Second, how do users rate the usability and satisfactoriness of the conversational agents, and what specific elements of the agents do they like and dislike? Finally, what are the current limitations and gaps in the utility of conversational Chat PG agents in health care? These objectives build on previous systematic reviews while widening the scope of included studies to update the body of knowledge on conversational agents in health care and to inform future research and development.

Beyond Boundaries: The Promise Of Conversational AI In Healthcare – Forbes

Beyond Boundaries: The Promise Of Conversational AI In Healthcare.

Posted: Wed, 31 Jan 2024 08:00:00 GMT [source]

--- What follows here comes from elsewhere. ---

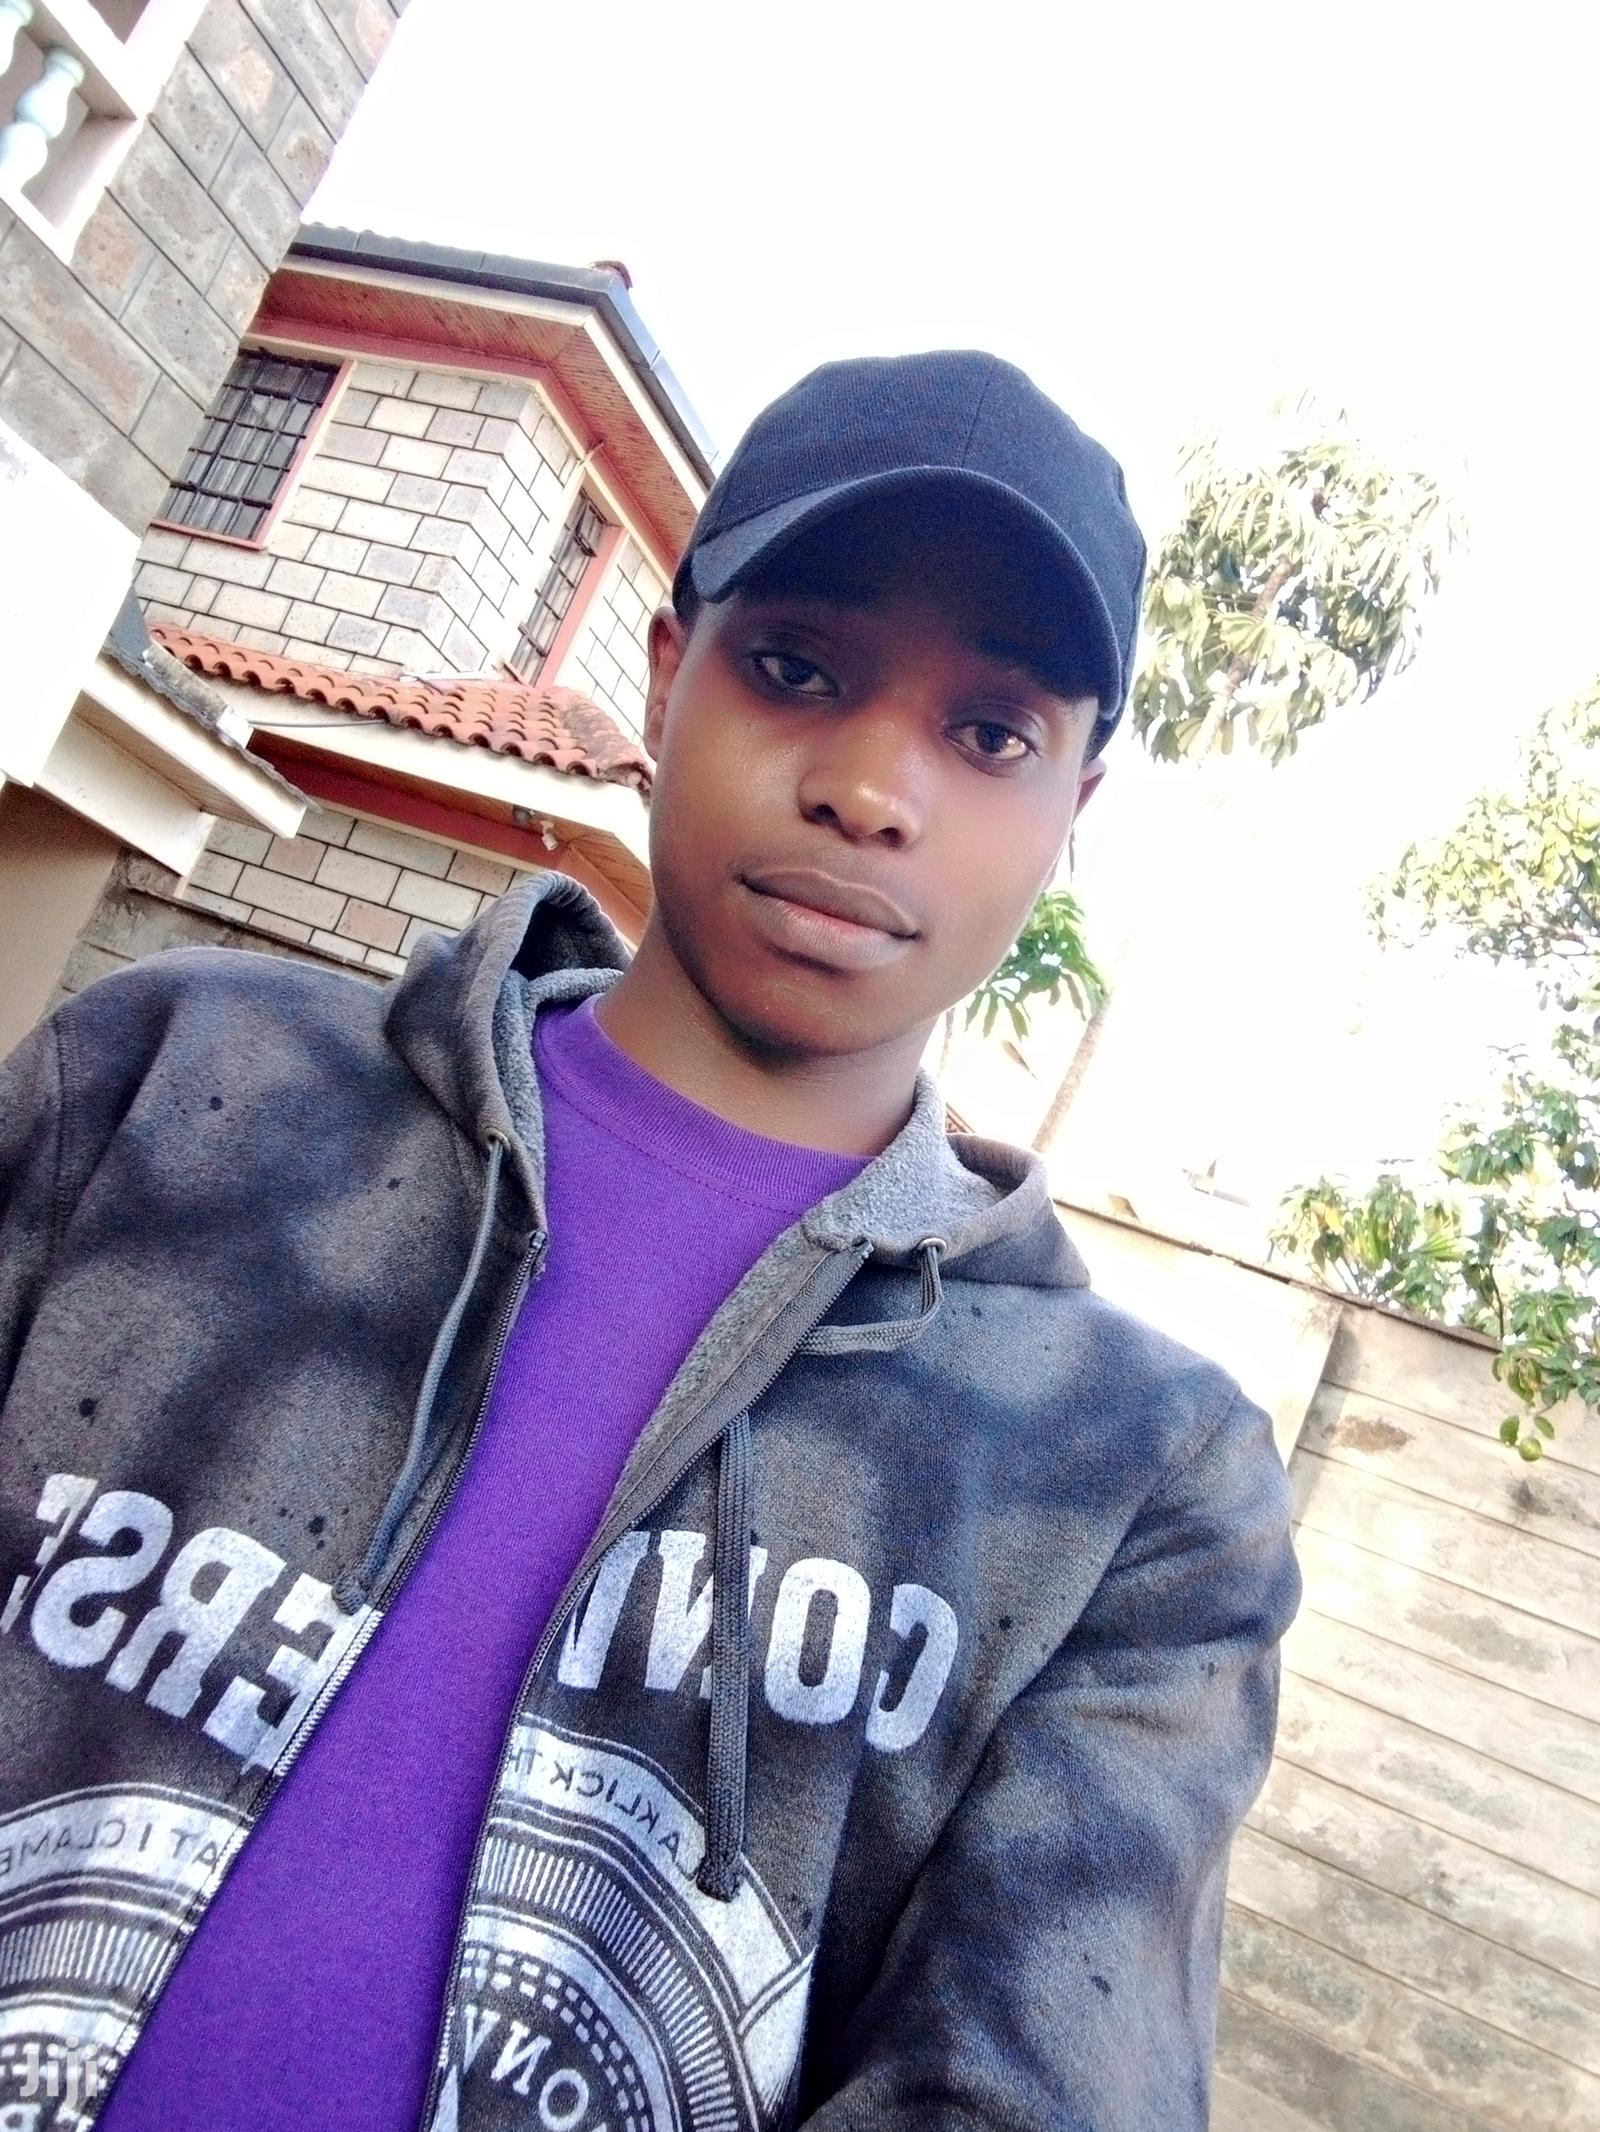 Personal Driver | Driver CVs for sale in Ruiru, Kiambu, Kenya

It should be noted that the AXIS tool used to assess the other studies was designed for cross-sectional studies and does not fit exactly with the designs of these studies. Therefore, it is possible that these studies would perform better when assessed by a tool specific to their study type. Tables depicting the judgments for each question of the CASP cohort and qualitative checklists and the AXIS tool for the cross-sectional and other studies are included in Multimedia Appendices 6-9 [8,12,14,15,32,33,35,36,38-45,48,50-52,54-56]. One study discussed a condition-specific conversational agent application targeted at improving the quality of life and medication adherence of breast cancer patients [53]. Participants implied a positive experience when interacting with the conversational agent, whereby 88% said it provided them with support in tracking their treatment and mentioned that they would recommend the conversational agent to their friends. We used the principles of thematic analysis to analyze the content, scope, and personality traits of the conversational agents.

While there were 78 apps in the review, accounting for the multiple categorizations, this multi-select characterization yielded a total of 83 (55%) counts for one or more of the focus areas. For both text-based and voice-based systems, it is the data that https://chat.openai.com/ empowers the underlying engine to deliver a satisfactory response. The information also acts as a goldmine for valuable insights that healthcare service providers can utilise to improve the quality of care offered and the overall patient experience.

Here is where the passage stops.